The first of these was the easiest one to accommodate in the OSdatascanner architecture. We defined a new rule type that operated on database fields:

>>> rule1 = SBSYSDBRule("Title", "icontains", "Playground")
>>> rule2 = SBSYSDBRule("LastChanged", "lte", "2025-01-01T00:00:00Z")
>>> combination = AndRule(rule1, rule2)

These rules have an obvious Python interpretation (lower("Playground") in lower(row["Title"]) and row["LastChanged"] <= datetime.datetime(2025, 1, 1, 0, 0) respectively), so the scanner engine's half of the work is already done. But what if we could also communicate these constraints to the database, so we could filter out all the rows that wouldn't match them before the rule engine gets involved? Then we'd meet our second objective too.

SQLAlchemy proved to be a very good tool for this. Its Column objects have many methods and overloaded operators that you can use to build SQL expression fragments up, and you can join these to a select() expression by using its where() method:

>>> expr1 = Case.c.Title.icontains("playground")
>>> expr2 = Case.c.LastChanged < datetime.datetime(2025, 1, 1, 0, 0)
>>> combination = and_(expr1, expr2)
>>> print(Case.select().where(combination))
SELECT "Case"."ID", "Case"."CaseUUID", "Case"."Number", "Case"."Title",
       "Case"."IsProtected", "Case"."CaseworkerID", "Case"."LastChanged", ...
FROM "Case"
WHERE (lower("Case"."Title") LIKE '%' || lower(:Title_1) || '%')
AND "Case"."LastChanged" < :LastChanged_1

So that's what we did! We implemented a conversion process that translates a OSdatascanner Rule into a SQLAlchemy ColumnExpression, allowing the database to do most of the heavy lifting. (Doing this translation has another big benefit: if you want a Rule to be evaluated even faster, you can just create a database index that optimises the query that it gets translated into.)

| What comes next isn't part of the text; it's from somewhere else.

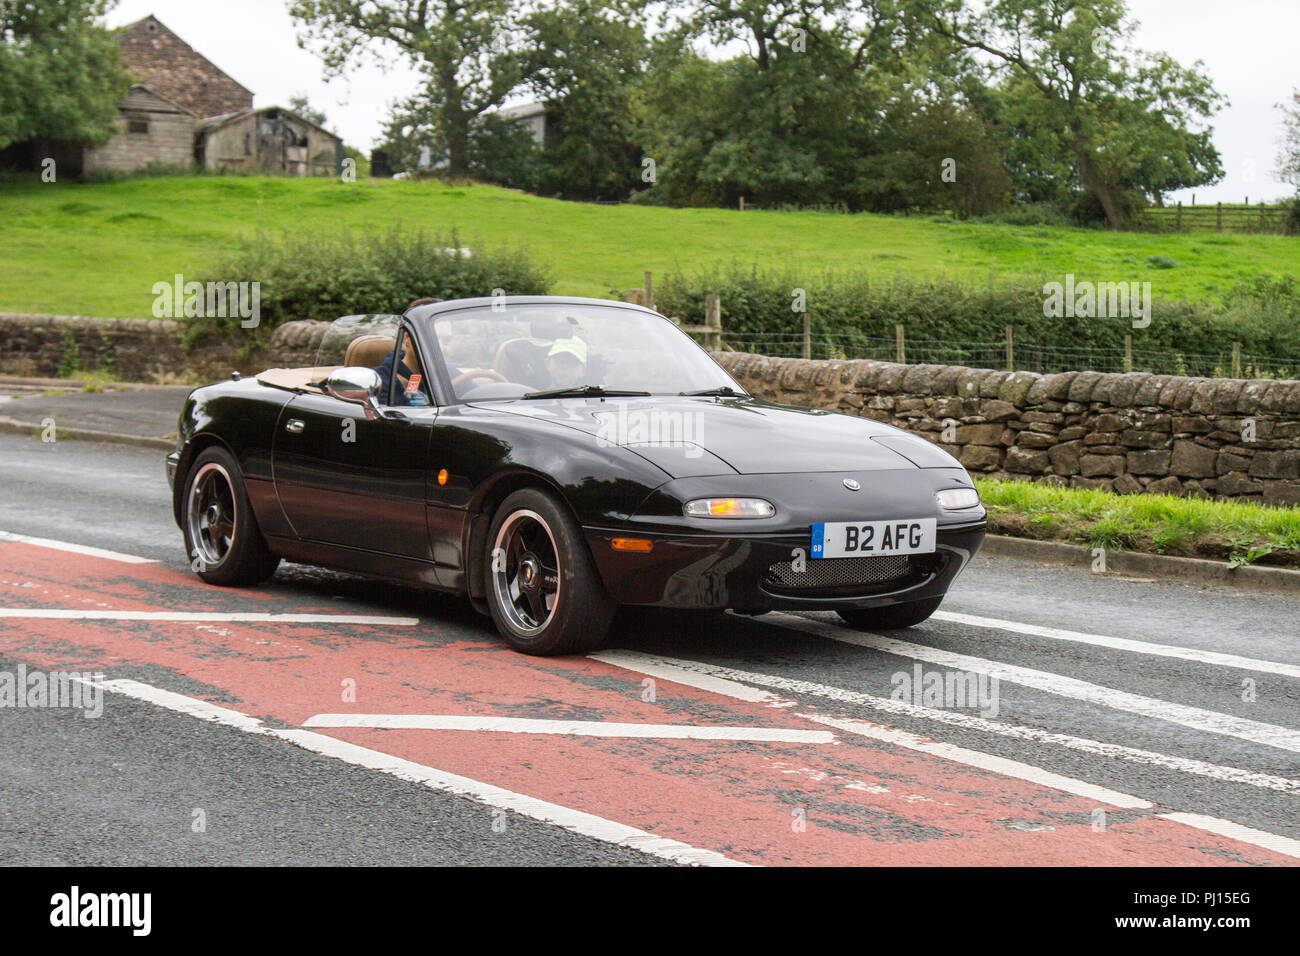 1995 90s Nineties noir Mazda MX-55, Roadster essence 1830 cc à Preston, UK Banque D'Images
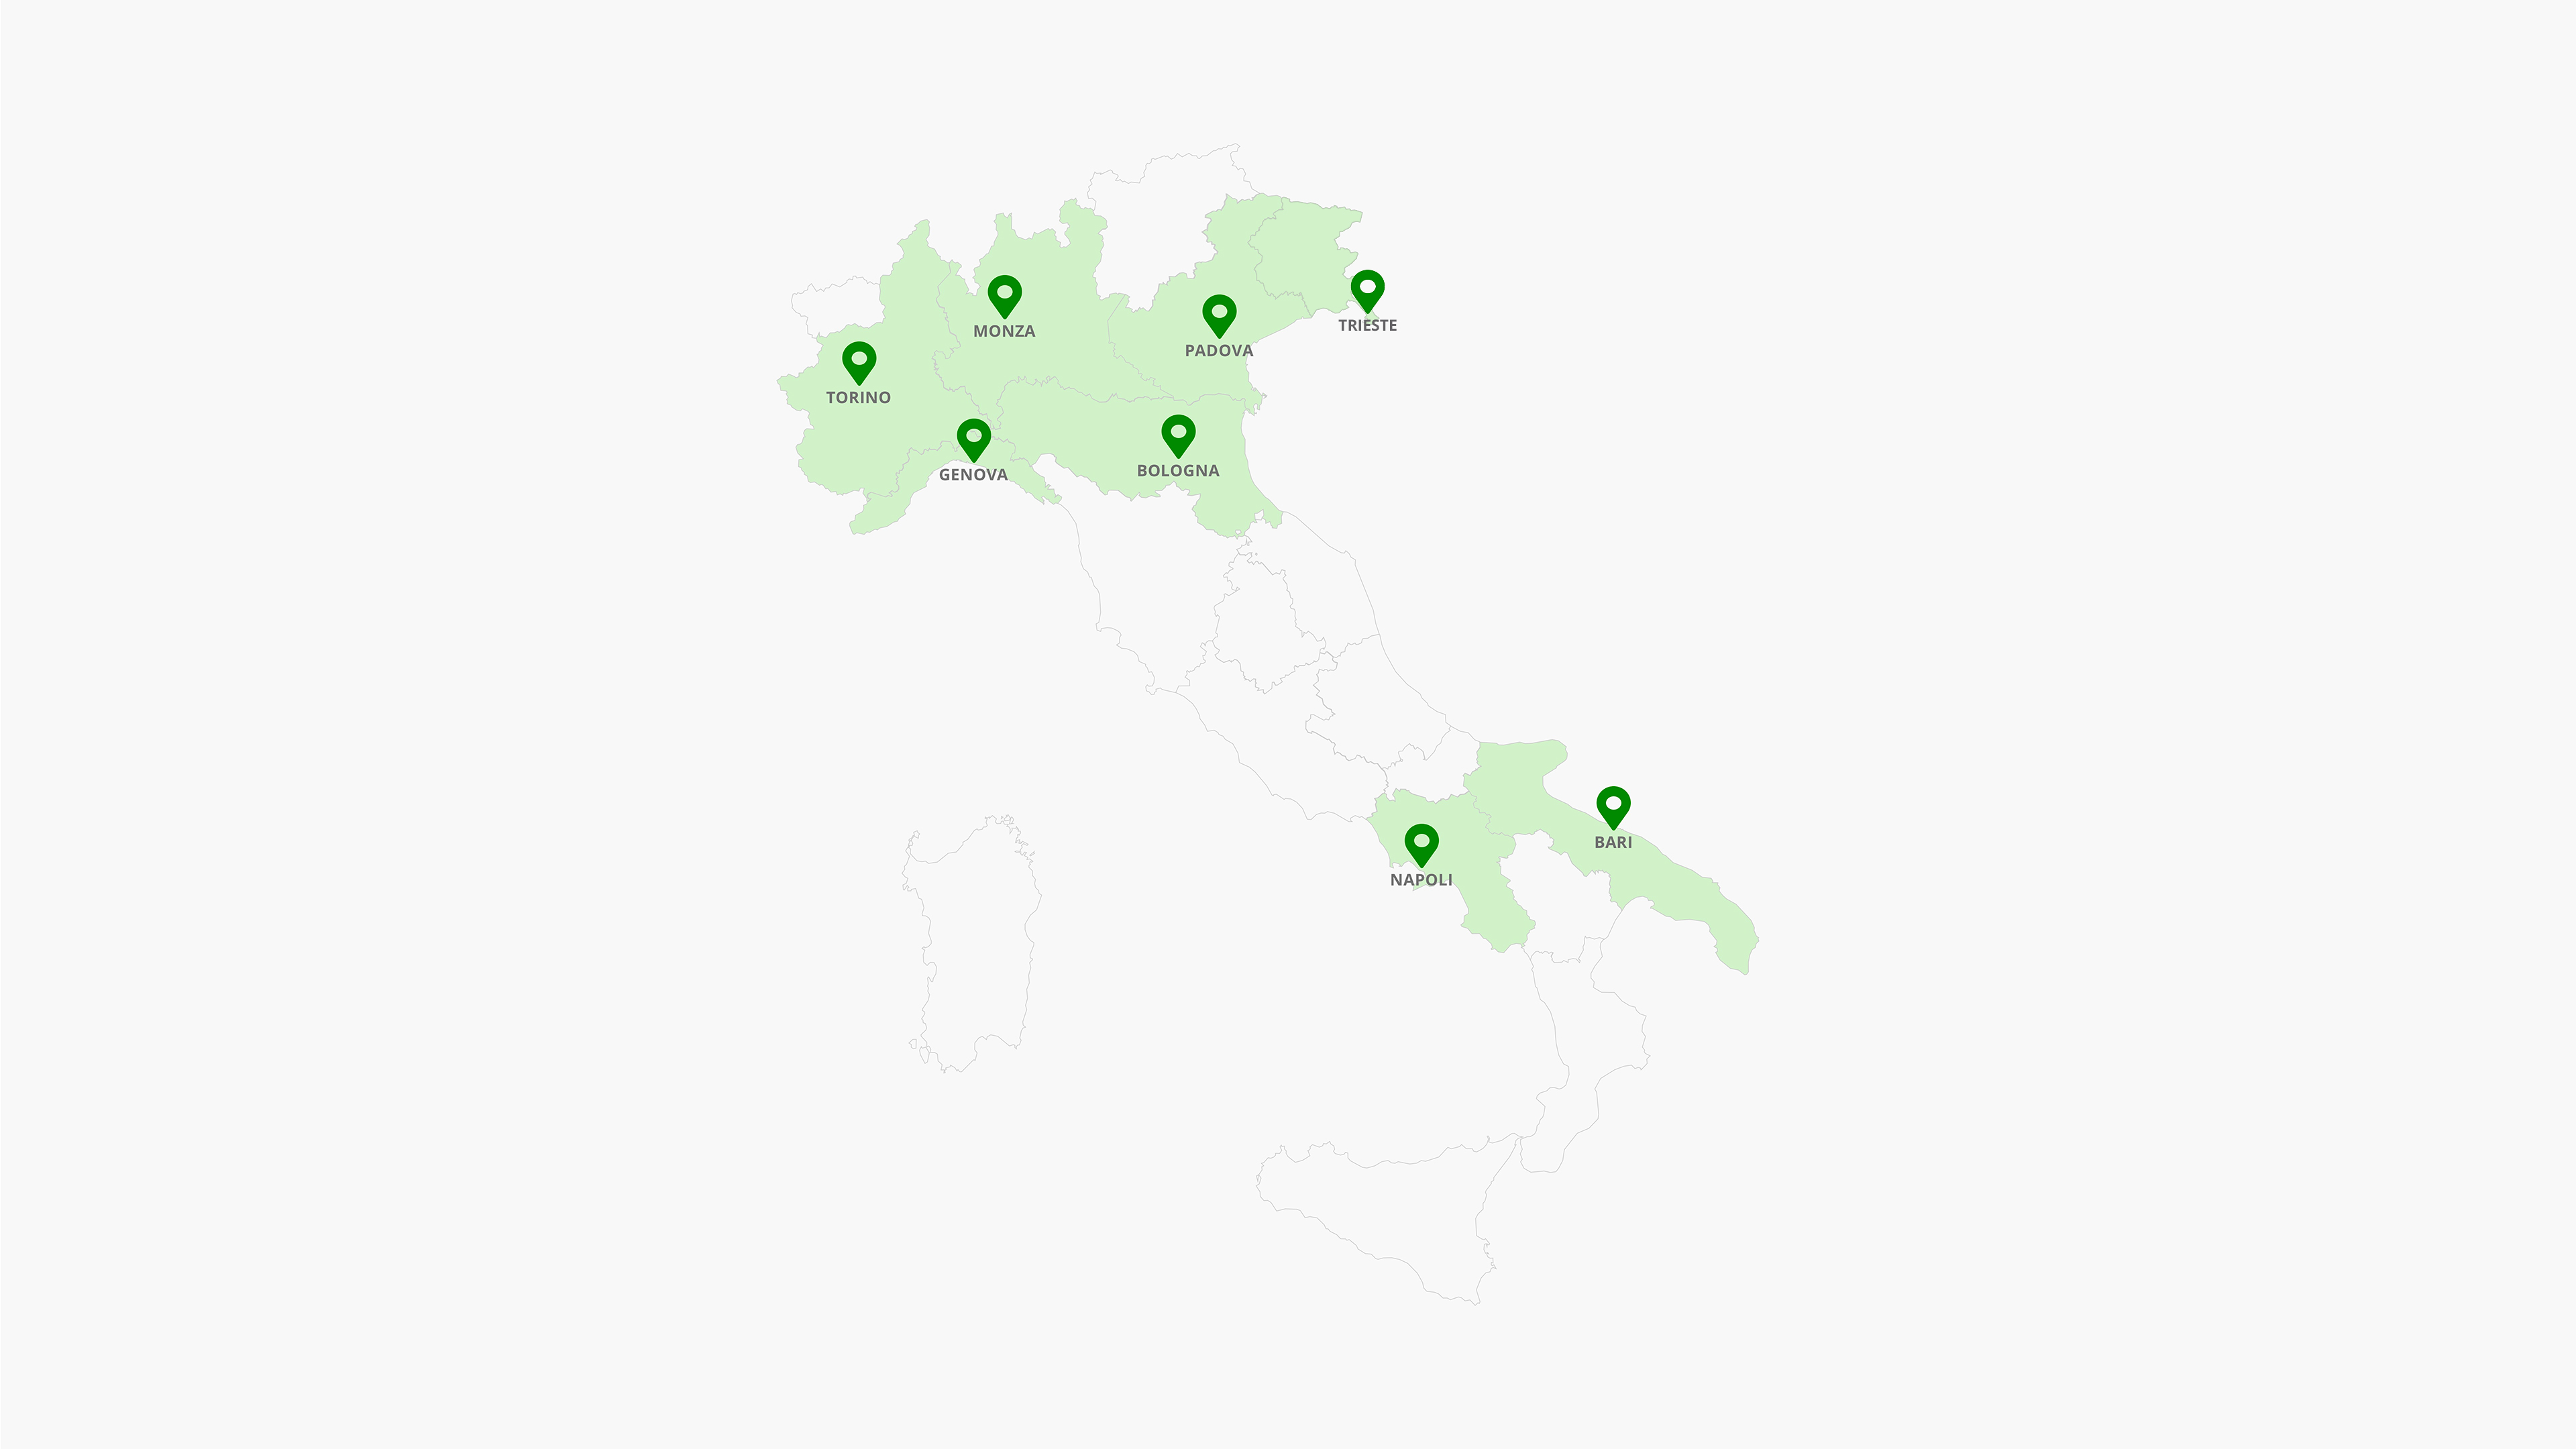 Il Programma educativo Intesa Sanpaolo per bambini lungodegenti è attivo a Torino, Napoli, Monza, Padova, Bologna, Genova, Bari e Trieste

(It's not a coincidence that this technique is also described in the documentation for pre-execution of rules: although we hadn't actually encountered a database that needed scanning at that point, the potential relationship between Rules and SQL was already clear, and it was very satisfying to see how directly it worked.)

Cross-table expressions

Sometimes you want to be able to write a rule that stretches across multiple tables: to be able to say, for example, "show me all Cases associated with a User whose EmploymentStatus has a Name that contains inactive".

Doing this with SQLAlchemy is easy and very mechanical. All we need to do is to walk that compound expression and translate it bit-by-bit into a constraint:

>>>        # Show me all cases...
>>> expr = Case.select().where(
...          # ... whose Caseworker can be connected to a User...
...     and_(Case.c.CaseworkerID == User.c.ID,
...          # ... who can be connected to an EmploymentStatus...
...          User.c.EmploymentStatusID == EmploymentStatus.c.ID,
...          # ... the name of which includes "inactive"
...          EmploymentStatus.c.Name.icontains("inactive")))

We implemented a simple dot-separated expression parser that does this mechanical translation automatically, so we can just write the rule directly:

>>> rule = SBSYSDBRule(
...         "Caseworker.EmploymentStatus.Name", "icontains", "inactive")

... with soft foreign keys

This expression parser takes advantage of the fact that SQLAlchemy introspection gives us information about the target of a foreign key relation. Remember this from earlier?

 Column('CaseworkerID', INTEGER(), ForeignKey('User.ID'), table=<Case>,
        nullable=False),

This column object has a foreign_keys property that contains a reference to the User table, so we know that following Caseworker takes us to a User, and that following User.EmploymentStatus takes us in turn to an EmploymentStatus.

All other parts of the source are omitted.